Another week, and another set of damning statistics emerges for patient treatment at University Hospital Limerick (UHL).
A Hiqa report identifies one patient who waited on a trolley for 116 hours. A second took more than 85 hours, and the delay for a third was 71 hours. One patient who required an angiogram, a relatively straightforward process, waited for 45 hours. It should normally be carried out within six hours.
The figures emerged from an unannounced inspection on March 15 by three Hiqa officials. But the question to be asked is why Hiqa is bothering to continue with surprise visits when the level of results is uniformly and consistently
unsatisfactory and a horrible denial of patient dignity and confidentiality. It may as well have someone permanently in situ with voice recorder, computer, and stopwatch to ensure that the rate of progress, or otherwise, is properly recorded.
Last month we commented that the long shadow cast by the Covid pandemic upon health service provision pointed daily to systems which, if not yet totally broken, are seriously
ruptured. We were too generous in this conclusion. All the evidence from Limerick indicates that the systems are fully broken, whatever the best endeavours of staff locally.
UHL was provided with Government investment for a
modern emergency department in 2017, while at the same time the workload of previously functional emergency departments at Clare and Tipperary was redirected to the new facility. Patient overcrowding has increased. Over 100 new beds were opened in 2021, but most had to be allocated to Covid. Limerick is awaiting the construction of a new 98-bed unit in its grounds but capital projects with escalating costs, supply-chain problems, and skill shortages are a bed of nails.
The decision to close outlying departments before new
capacity was on stream appears to be an unmitigated disaster and one which is not amenable to any form of quick fix. 
Limerick provides the only emergency department in the region, and the Hiqa report states this caters for a population of 385,172 people.
The hospital has nine emergency medicine consultants, eight of them specialists. Despite having recruited almost 300 nurses last year, the inspectors found the hospital struggling to provide enough nurses to satisfy demand and meet safety and care standards.
Health Minister Stephen Donnelly sent a task force into Limerick in April to tackle the emerging crisis and the first rough drafts of what it is proposing should be available now. It is time to publish the action plan as it currently stands.

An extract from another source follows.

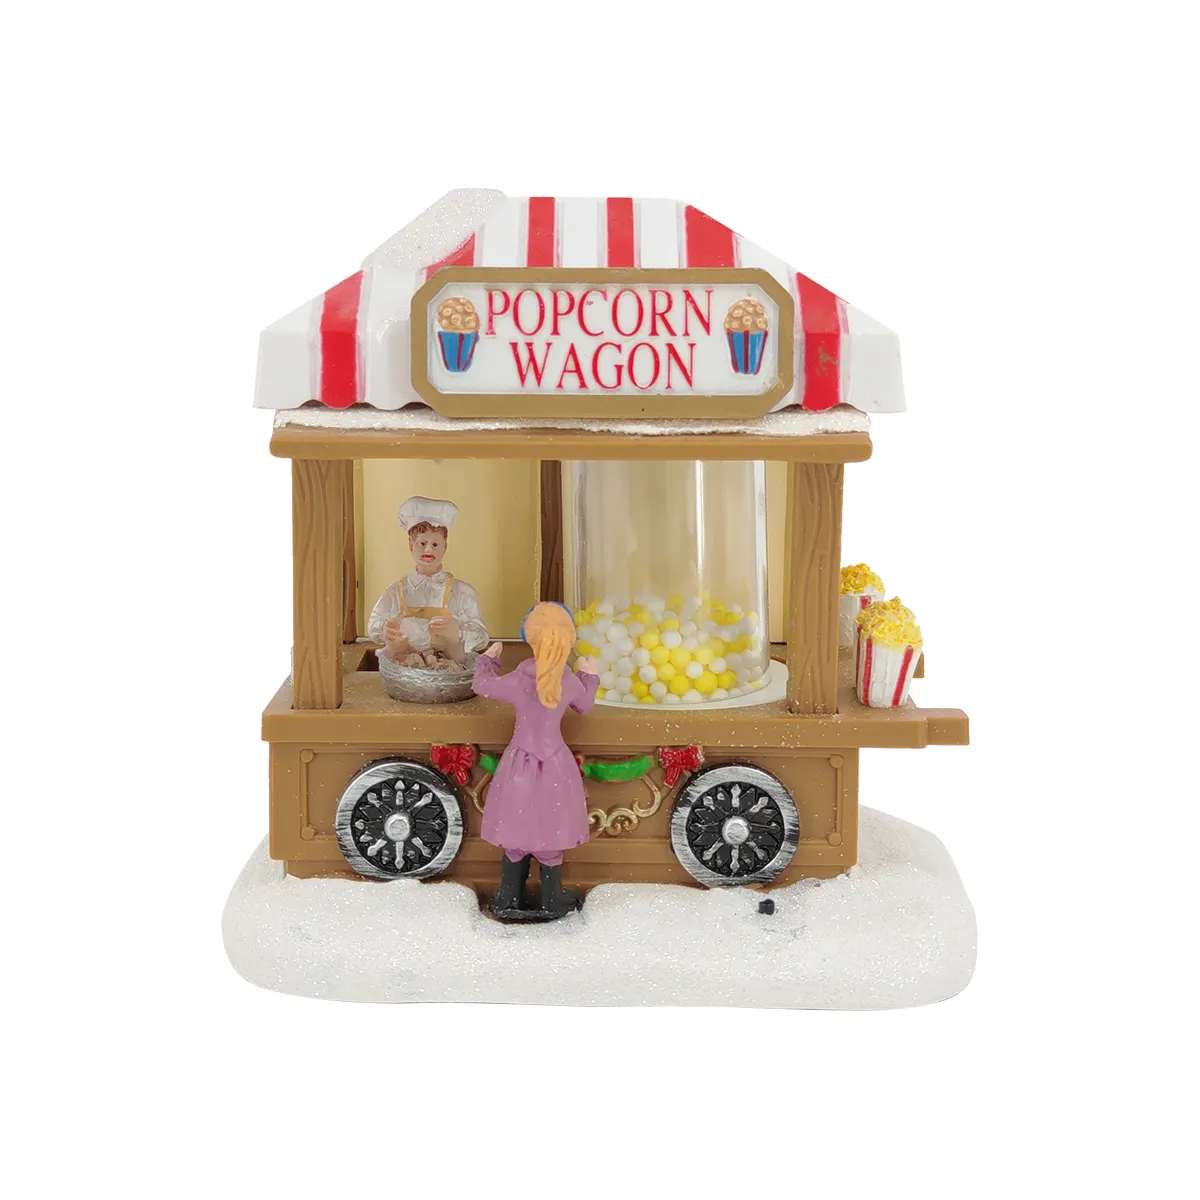 Resina scena natalizia snow house led popcorn wagon village holiday home ornamenti per la decorazione del desktop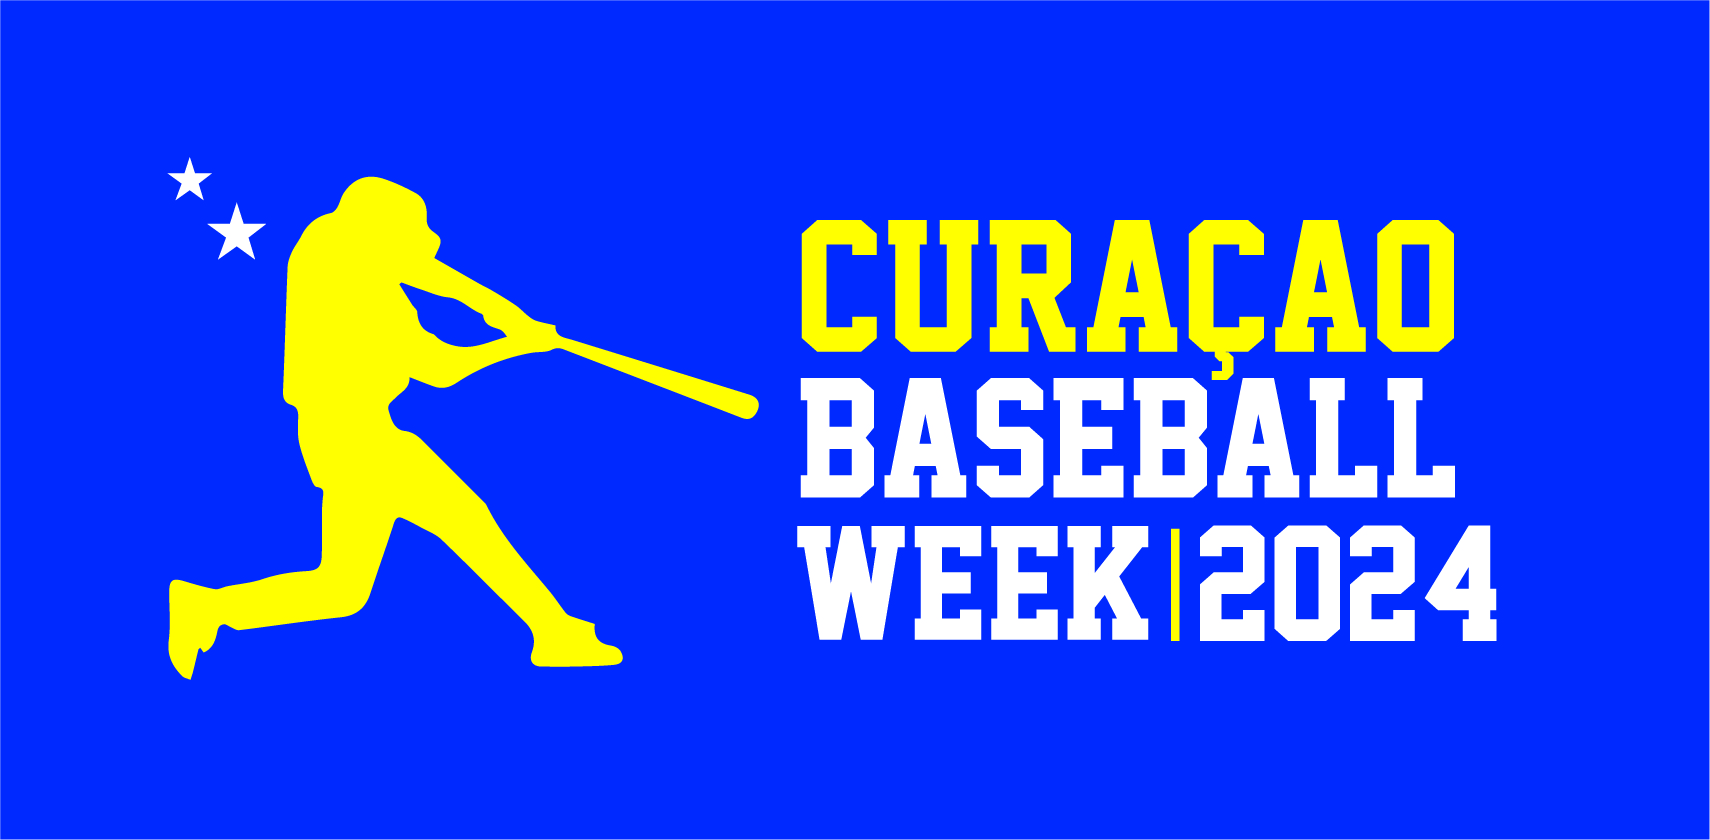 Curacao Baseball Week

But we would be foolish to imagine that this is somehow solely a Limerick problem. Three days ago it was identified that 84,038 people are waiting for outpatient and inpatient treatment across Cork hospitals.
Irish Hospital Consultants’ Association president Alan Irvine said that public hospitals are unable to cope with acute demands and that at least 1.3m people across the Republic are on waiting lists for public health services.
The cost of living. Housing. Public health. While four horsemen are required for the apocalypse, three are more than enough to preoccupy our domestic politicians for now.